§ Work task
Copy out the whole listing exactly as given. Skip the pictures.

§ Given material

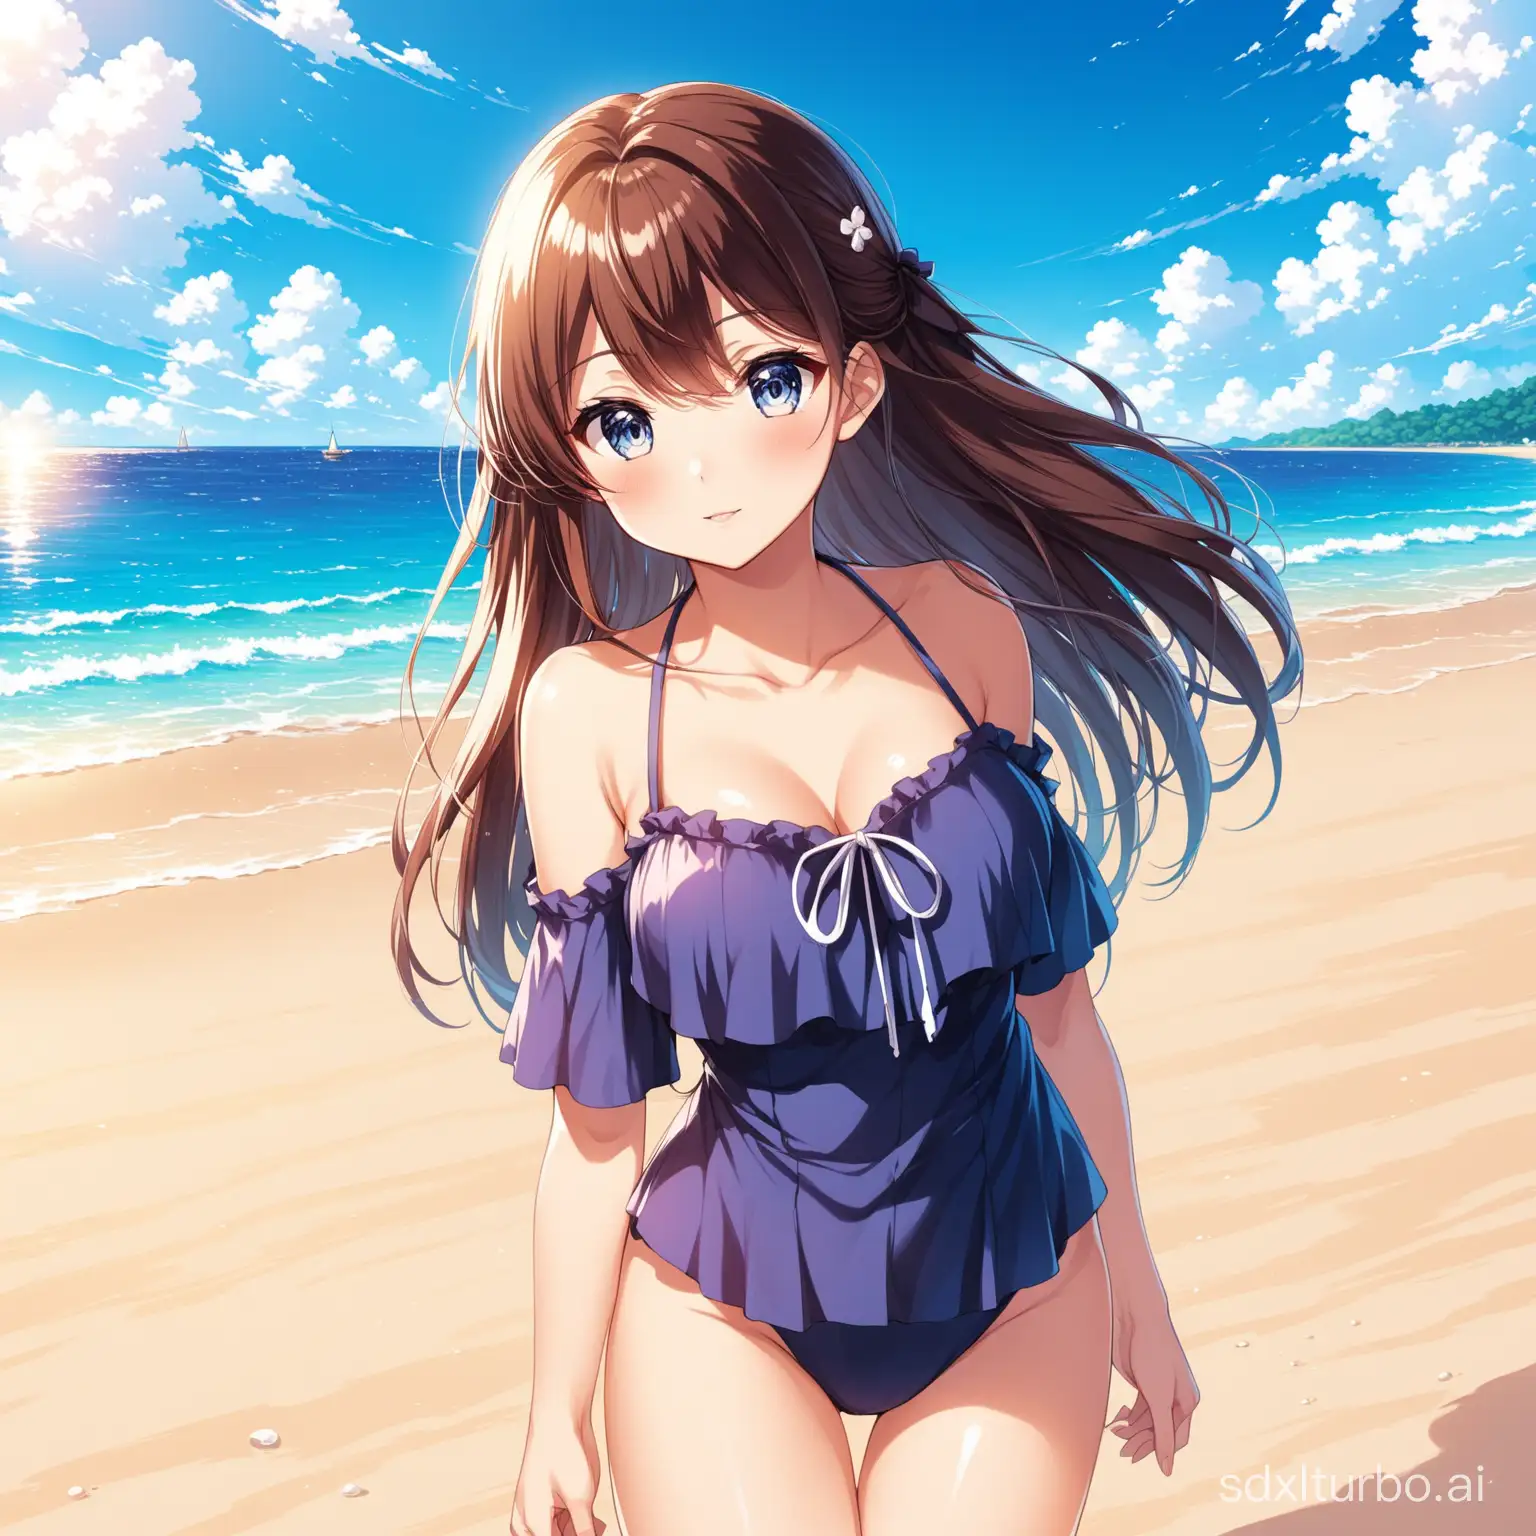 Anime-Girl-Enjoying-Sunny-Day-at-the-Beach
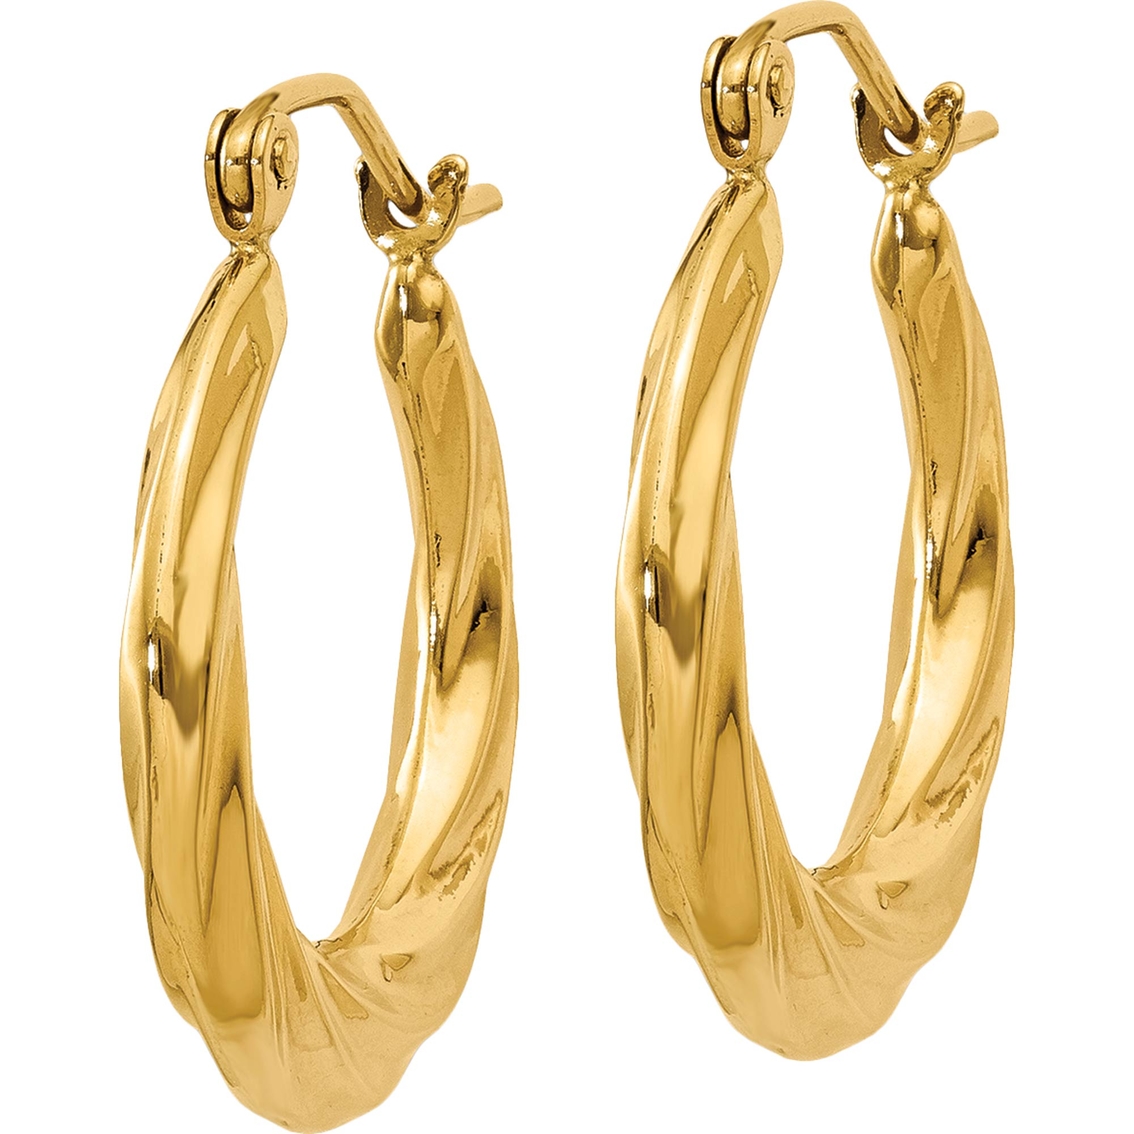 14K Yellow Gold Twisted Hoop Earrings - Image 2 of 2
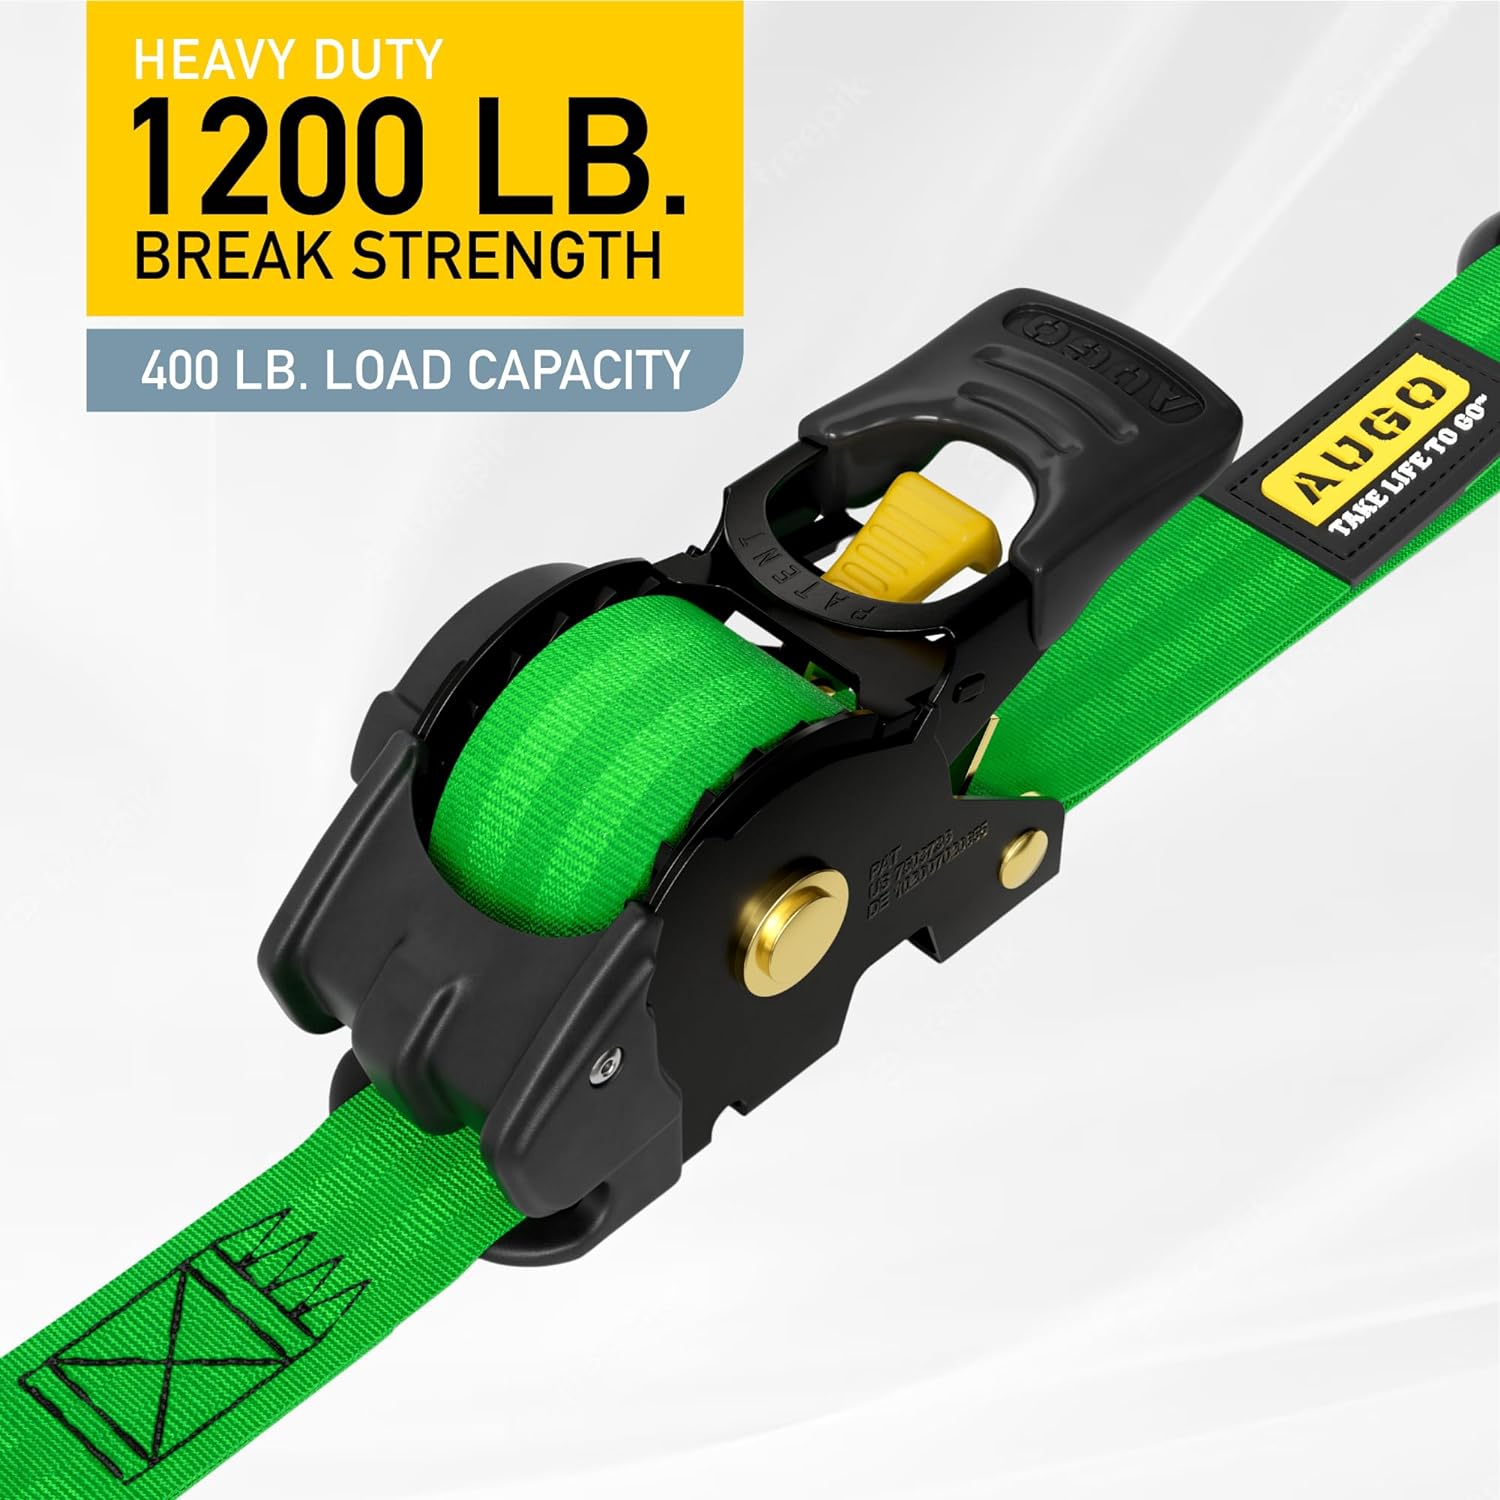 Retractable Ratchet Straps - 2 Pack - 1200 lb Break Strength

§ Task result
 Anime-Girl-Enjoying-Sunny-Day-at-the-Beach
 14K Yellow Gold Twisted Hoop Earrings - Image 2 of 2
 Retractable Ratchet Straps - 2 Pack - 1200 lb Break Strength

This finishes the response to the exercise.